If the dramatic evolution of algorithms, hackers and attention spans has you worried sick about your website’s survival, think audit! Your Drupal website needs regular auditing to make sure your site is still healthy, SEO-friendly, secure and performing well. Moreover, there's always an opportunity to improve and make the website more user-friendly. Routinely evaluating Drupal sites helps monitor their overall health and optimize its performance. If you’re responsible for auditing your Drupal website, make sure you read this handy guide.
Why do you need to audit your Drupal website
A website audit is typically performed quarterly as a regular check-up or before a migration.
- It is important to audit sites regularly to improve its performance and to prepare for future enhancements
- If you’re migrating your Drupal 7 (or 6) website to the latest version (Drupal 9), a migration audit is absolutely necessary for a successful migration. Read this article for a handy checklist before you migrate to Drupal 9.

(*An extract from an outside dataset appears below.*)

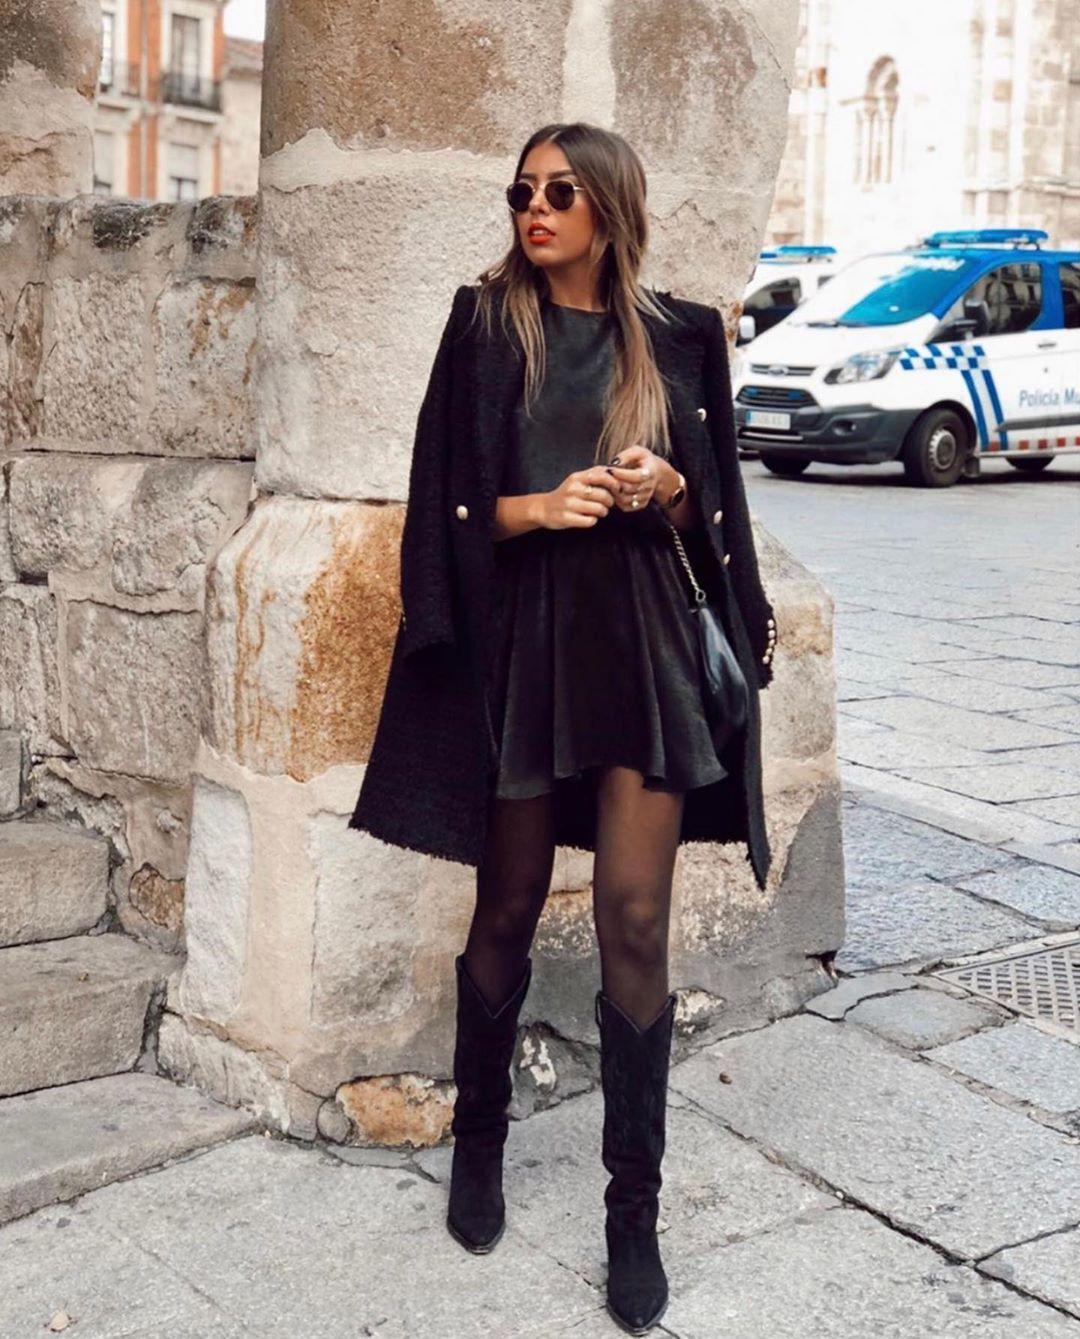 cowboy heel leather crust boots de Zara sur zaraaddiction

- It pinpoints any issues with the website, offers competitive insights and guides you to the direction of digital fulfillment
- Drupal regularly releases updates, security patches and other updates in order to improve the website's security, personalization and performance. Regular auditing helps in staying up-to-date with the latest and best practices
A website audit covers a wide scope of elements which includes performance, SEO, security, site building and more. Make sure you remember the following before auditing your website.
SEO and Performance
- Check if the Sitemap and Meta Tag modules are enabled and configured properly. This helps search engines to rapidly identify important pages and files on your Drupal website.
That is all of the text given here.